Problem details ::
Print the data once more, exactly as given. Drop the pictures.

BEGIN Given material

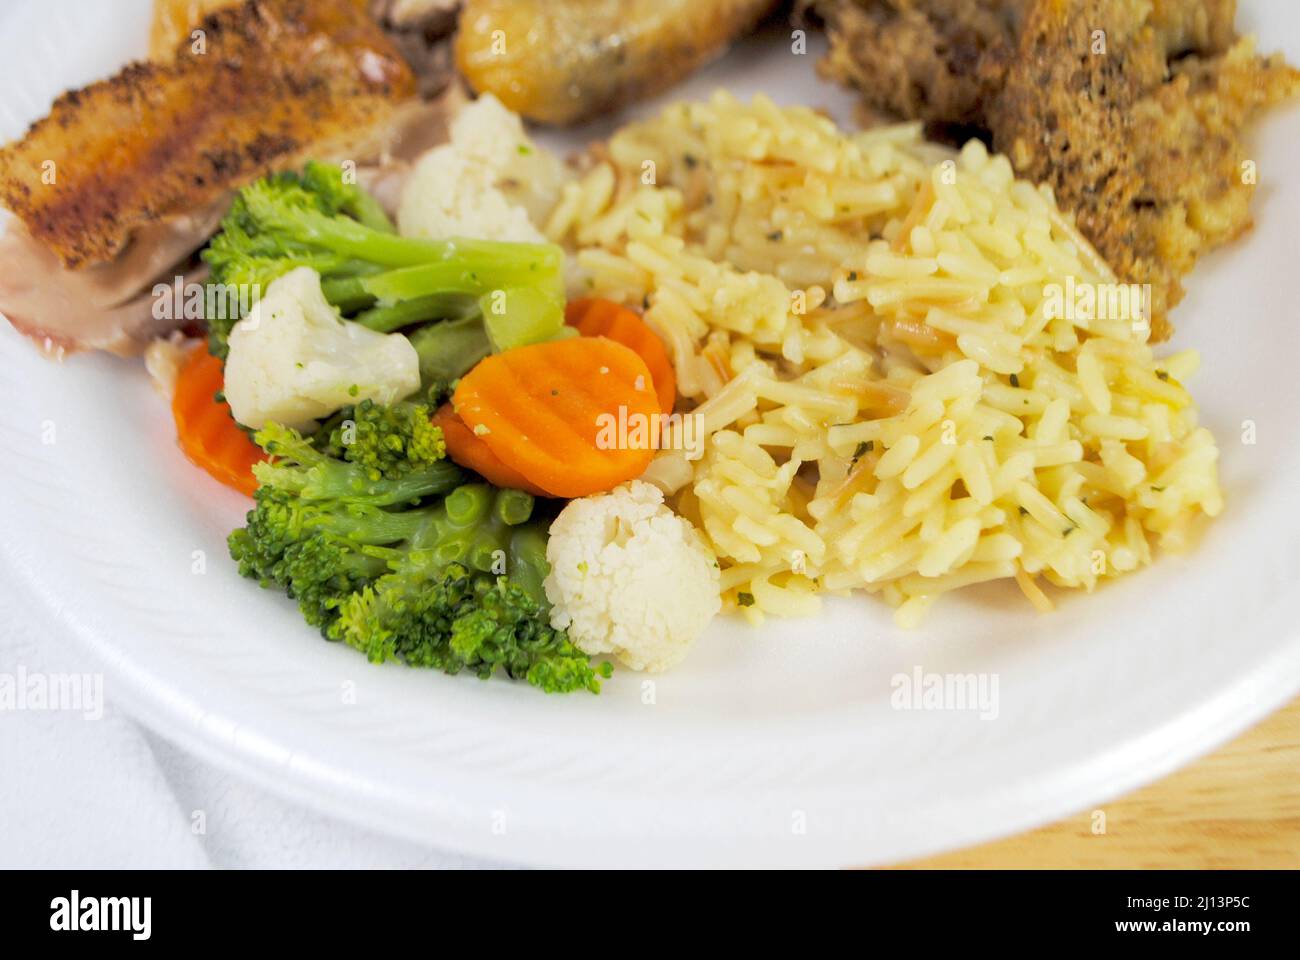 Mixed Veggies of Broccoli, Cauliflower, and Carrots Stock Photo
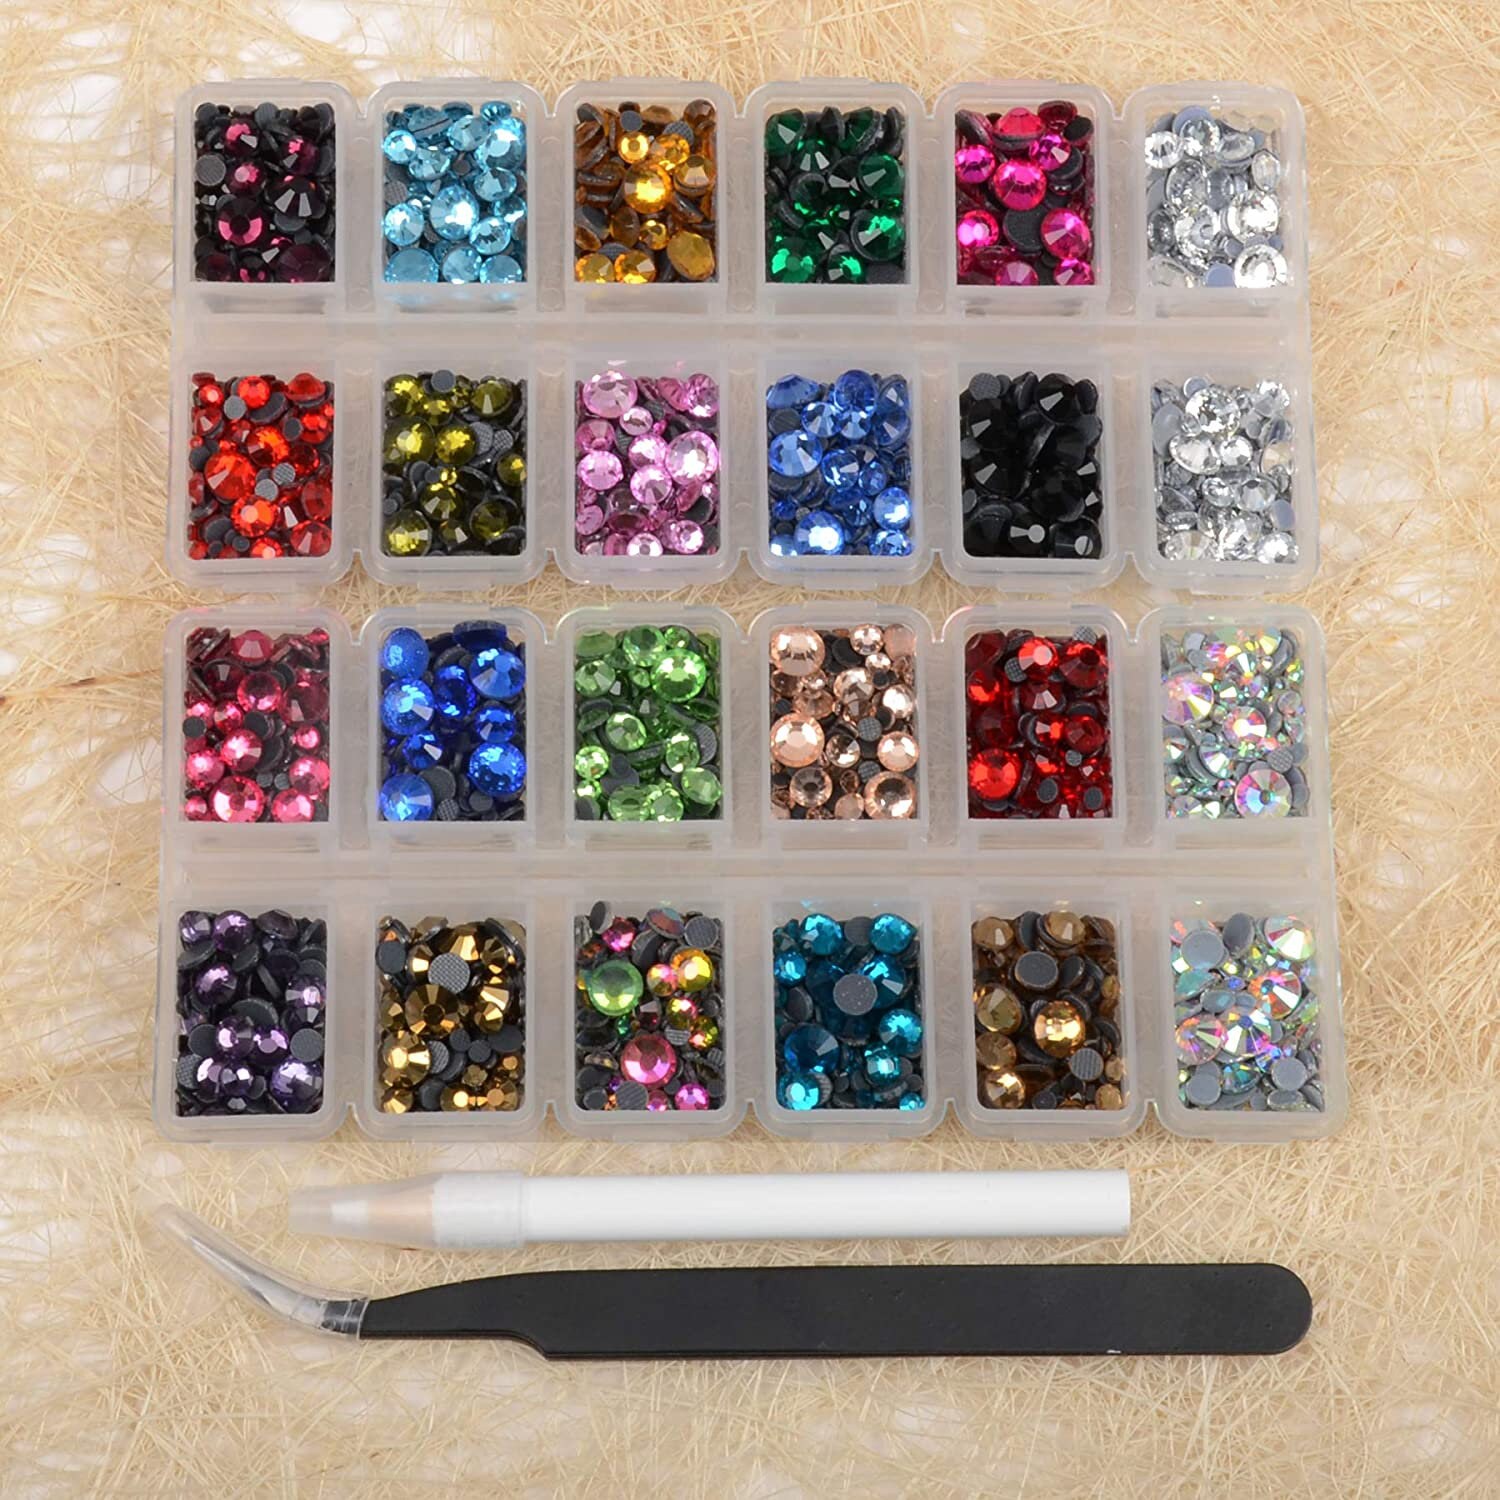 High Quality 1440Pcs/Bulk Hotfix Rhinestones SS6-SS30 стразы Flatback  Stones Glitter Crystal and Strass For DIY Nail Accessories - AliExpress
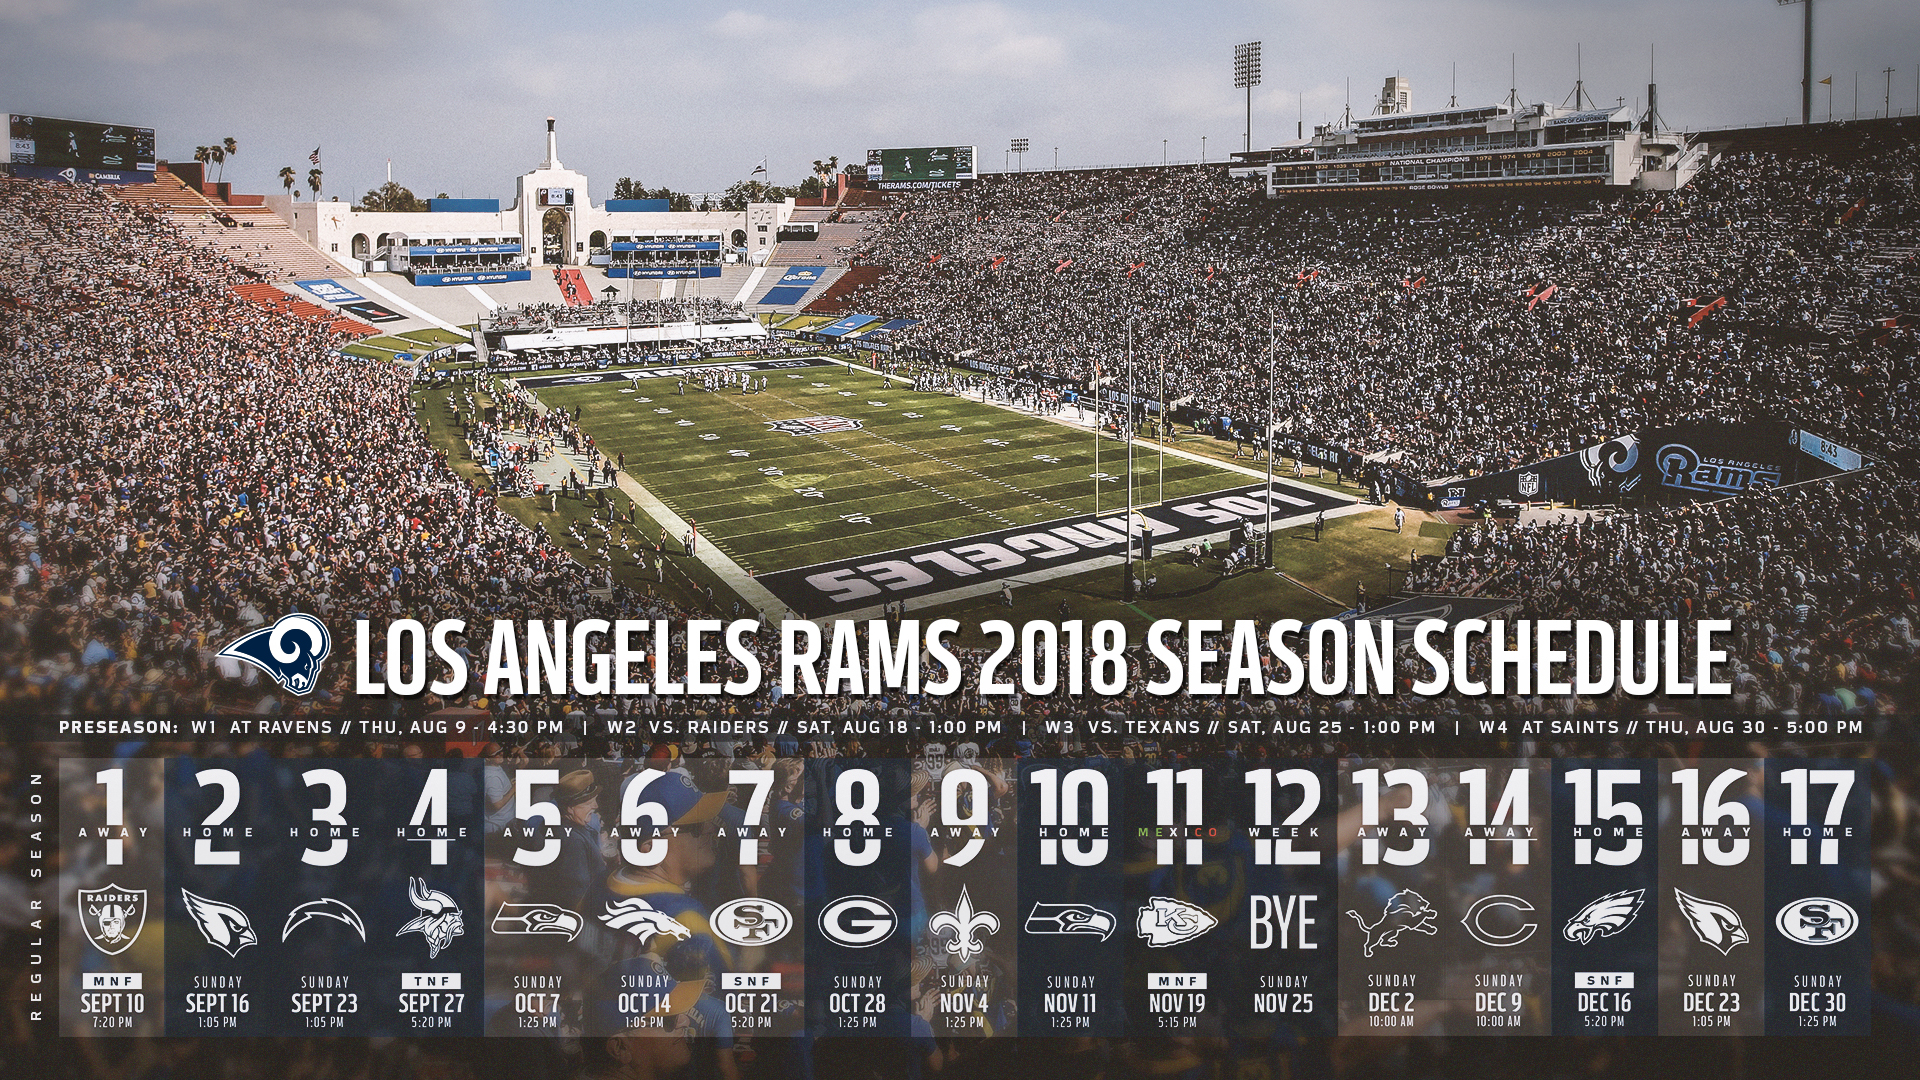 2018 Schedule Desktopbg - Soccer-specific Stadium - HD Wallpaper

END Given material

Solved problem ::
 Mixed Veggies of Broccoli, Cauliflower, and Carrots Stock Photo
 High Quality 1440Pcs/Bulk Hotfix Rhinestones SS6-SS30 стразы Flatback  Stones Glitter Crystal and Strass For DIY Nail Accessories - AliExpress
 2018 Schedule Desktopbg - Soccer-specific Stadium - HD Wallpaper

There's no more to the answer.